The earliest indications of our preparedness to meet the online challenge to educators underscored the gap that exists in professional development for educators. Teaching online is not the same as teaching in the classroom. Many educators have not been updated in the use of technology and more specifically, online instruction. Of course the system until now was not dependent on online learning, but technology implementation is essential in our computer-driven society. Now that we have exposed the importance of technology in education, we can use this experience to push for more required, universal, and effective professional development. We can also more convincingly support PD with time, money, and structured follow-up.

We are more aware of the basic needs of kids to have a better working knowledge of technology skills. It is an opportunity to evaluate and evolve how we introduce kids to technology and how we incorporate those skills to enhance their learning. We need to develop their ability to be self-reliant in their learning to become lifelong learners.

We are also more aware of the need for a dependable online infrastructure, one that offers access to all. The digital divide must be addressed. Zip codes can no longer be the driving force of quality education.

Social distancing is a new concept for our country. It should be called physical distancing to be a more accurate description. Online we have all gotten closer through connections with colleagues and students. The idea of sharing ideas, and sources has grown as a result of educators needing to quickly grow and communicate effectively online. Another benefit from this collegial connection is a new appreciation, if not discovery for some, of online content. The use of online sources can enhance a text-based curriculum, or even replace it.

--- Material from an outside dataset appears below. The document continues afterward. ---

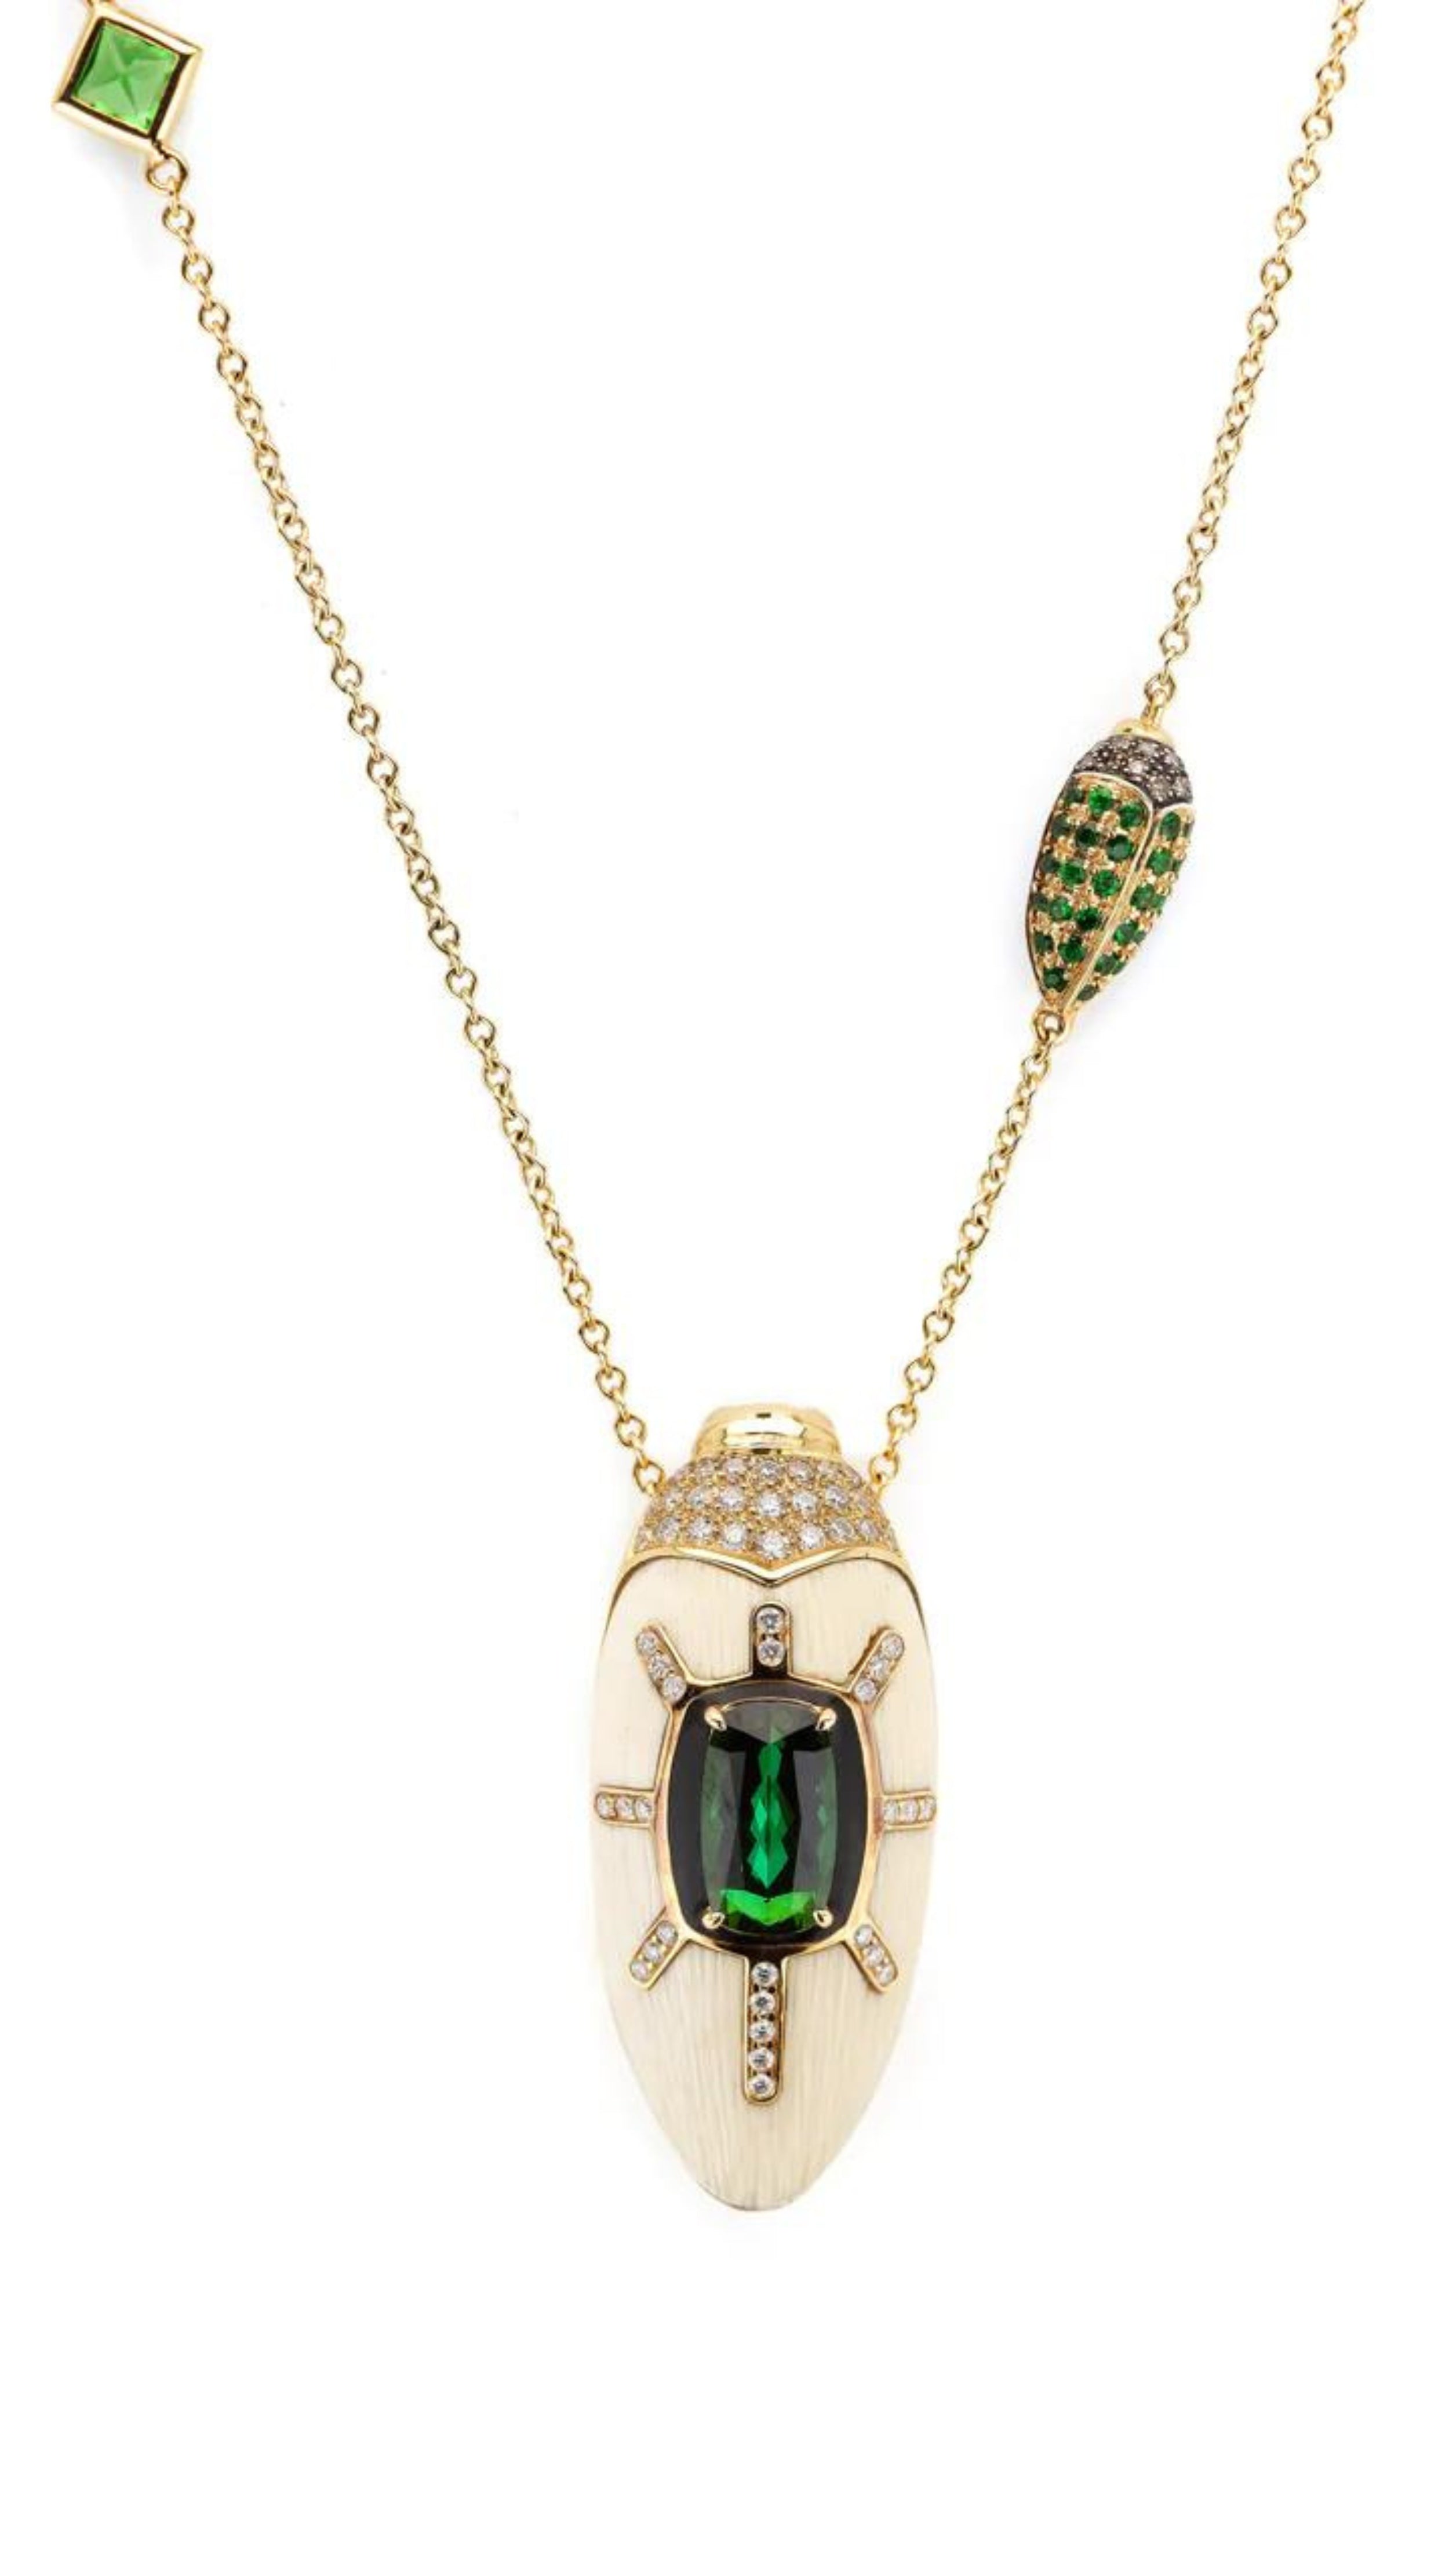 Bibi van der Velden Scarab Mammoth Necklace. Art deco style scarab pendant drop crafted from mammoth tusk and set with green tsavorite stones and pave white and brown diamonds. With links in the chain of scarabs and inset stones. Adjustable length necklace. Sustainable high jewelry. Photo showing a close up on the scarab pendent.

In order to change any system the first changes have to be made to the culture. With schools shut down parents have become more involved with their kids’ education. What parents see and experience, with their children learning through technology, goes a long way in educating parents as to what education in today’s world is all about. Of course this does not work as effectively if there are no online connections between educators and students for parents to experience.

Probably the biggest takeaway from this crisis in education is the absolute need for social and emotional learning for kids. We need to address physical and emotional needs before kids can learn. Maslow must always come before Bloom. Priorities need to be readjusted. We see schools adjusting their grading policies. Maybe grades aren’t what we have believed them to be for centuries? It may be time to reassess and adjust. Many schools have cancelled their need to give standardized tests. Again, maybe they need to move down on the list of education priorities. Let’s take the opportunity to talk it through and consider our experiences.

After each and every catastrophic experience this country has endured, it has reassessed, adjusted, and made positive changes for the benefit of all. Beyond the obvious health and safety issues that must be addressed, we need to address the issues of education. The kids who we are educating today will make the decisions of health and safety moving forward. We can’t educate them with the knowledge and skills that brought us to this point. They need more knowledge and more relevant skills to get beyond our limited capabilities. They will be living in a different world. This horrible event that we are now facing has actually given us the greatest opportunity yet to evolve our education system. We need to reassess, reevaluate and prioritize. This opportunity is the silver lining of that very dark Coronavirus cloud hanging over us.

Stay Healthy!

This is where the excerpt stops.